Умер, бедняга! В больнице военной Долго родимый лежал: Эту солдатскую жизнь постепенно Тяжкий недуг доконал… Рано его от семьи оторвали: Горько заплакала мать, Всю глубину материнской печали Трудно пером описать! С невыразимой тоскою во взоре Мужа жена обняла; Полную чашу великого горя Рано она испила. И протянул к нему с плачем ручонки Мальчик-малютка грудной… … Из виду скрылись родные избенки, Край он покинул родной. В гвардию был он назначен, в пехоту, В полк наш по долгом пути; Сдали его в Государеву роту Царскую службу нести…

Великий князь и не знал, что его «длинное солдатское стихотворение» поется народом. Он попросил подойти дирижера, который был и руководителем хора. Звали его Григорий Николаевич. Этот Григорий Николаевич узнал в лицо Его Императорское Высочество, знал он и то, что «Беднягу» написал Великий князь.

— А чья музыка? — спросил поэт.

— А что музыка?… Народ сам запел, — ответил дирижер.

* * *

Минуло пять лет со дня его свадьбы с принцессой Елизаветой Саксен-Альтенбургской. Константин Константинович привез жену к ее родным в Альтенбург погостить, а сам должен был возвращаться в Россию. Прощаясь с Альтенбургом, он задержался в комнате, где всегда, приезжая, жил. Тот же вид из высокого окна, тот же письменный стол, за которым он написал стихи, заслужившие ему известность: «Распустилась черемуха в нашем саду…», «Колокола», а также стихотворение «Растворил я окно…», которое останется шедевром во все времена.

Растворил я окно, — стало грустно невмочь, — Опустился пред ним на колени, И в лицо мне пахнула весенняя ночь Благовонным дыханьем сирени. А вдали где-то чудно так пел соловей; Я внимал ему с грустью глубокой И с тоскою о родине вспомнил своей; Об отчизне я вспомнил далекой, Где родной соловей песнь родную поет И, не зная земных огорчений, Заливается целую ночь напролет Над душистою веткой сирени. (13 мая 1885)

Пока же поэт стоит на пороге комнаты, в которой создал свой шедевр. Весна, тепло, и солнце светит так ярко. Все так же, как тогда, но ему кажется, что ничего больше он написать не сможет.

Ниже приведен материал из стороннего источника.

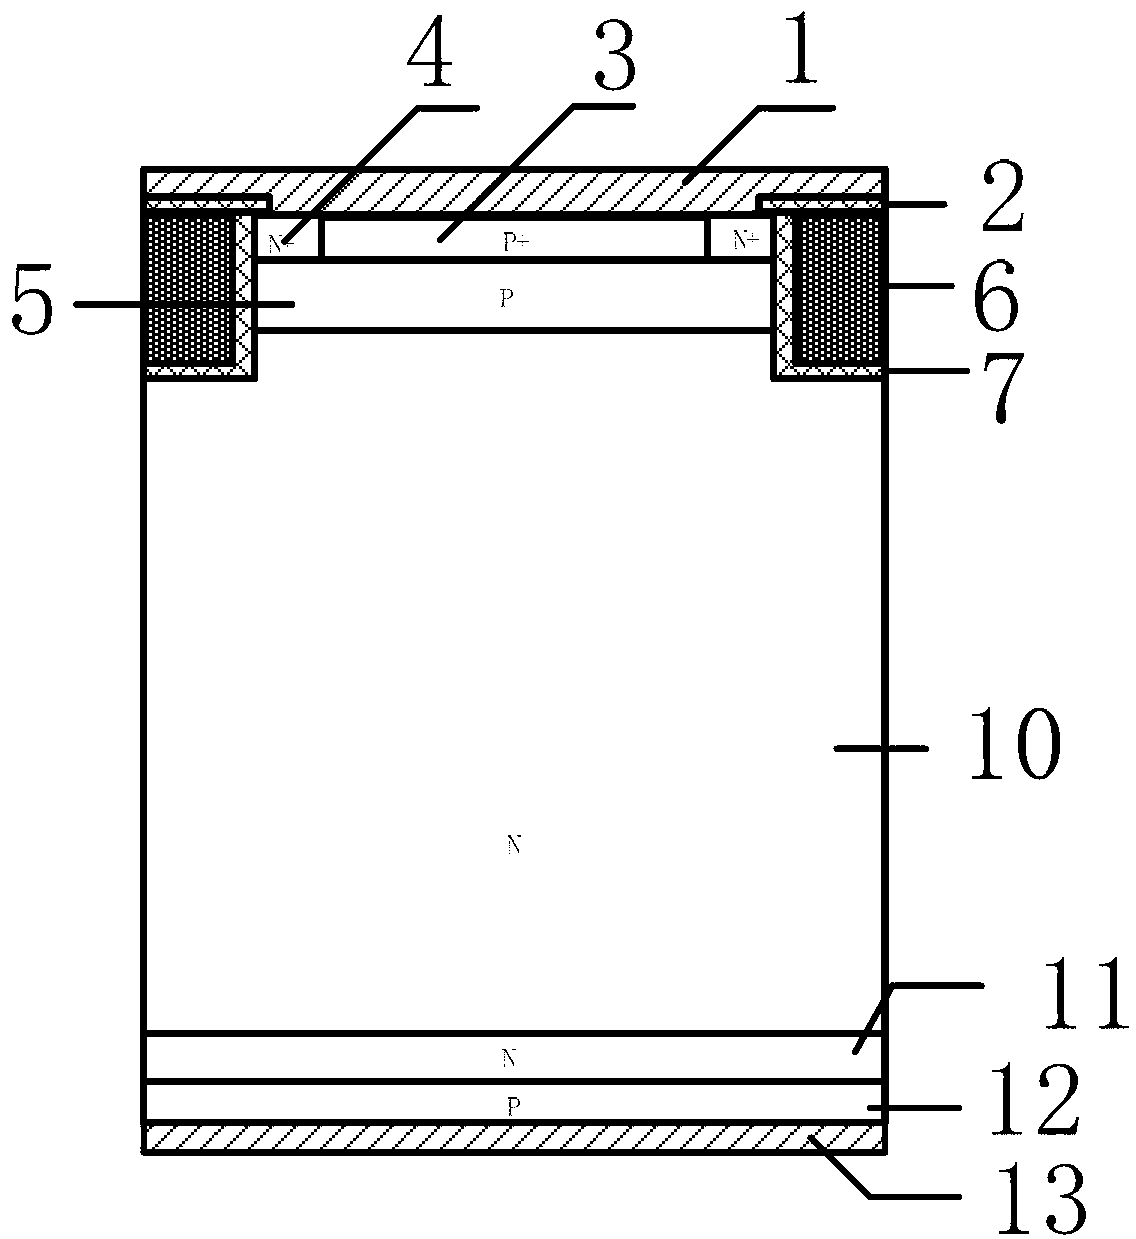 Insulated-gate bipolar transistor with embedded island structure

«Я уже не юноша, а должен бы считать себя мужчиной. Жизнь моя и деятельность вполне определились. Для других я военный, ротный командир, в близком будущем полковник, а так лет через 5–6 — командир полка… Для себя же я поэт. Вот мое истинное призвание. Невольно задаю я себе вопрос; что же выражают мои стихи, какую мысль? И я принужден сам себе ответить, что в них гораздо больше чувства, чем мысли. Ничего нового я в них не высказал, глубоких мыслей в них не найти, и вряд ли скажу я когда-нибудь что-либо более значительное. Сам я себя считаю даровитым и многого жду от себя, но кажется, это только самолюбие и я сойду в могилу заурядным стихотворцем. Ради своего рождения и положения я пользуюсь известностью, вниманием, даже расположением к моей Музе. Но великие поэты редко бывают ценимы современниками. Я не великий поэт и никогда великим не буду, как мне этого ни хочется», — записал он 10 августа 1888 года.

* * *

Константин сидел в своем походном кабинете на мызе Смерди, в лагере. Стояло раннее утро. На письменном столе обычный порядок. Здесь вещи, которые он всегда возит с собой. Слева четыре книги: Лермонтов, Пушкин, Новый Завет и сборник «Жемчужины русской поэзии». Чернильница из серебра, свечи, барометр-анероид, часы, два портрета жены, тетради для дневника и записывания стихов.

По листу бумаги бегал солнечный зайчик — за окном ветер качал ветви кустов. Минусами и крестами были отмечены стихи, которые он забраковал и отобрал для своей первой книги. И хотя книга была уже сдана в набор, его мучили неуверенность в отобранном, смущение перед теми, кто станет ее читать…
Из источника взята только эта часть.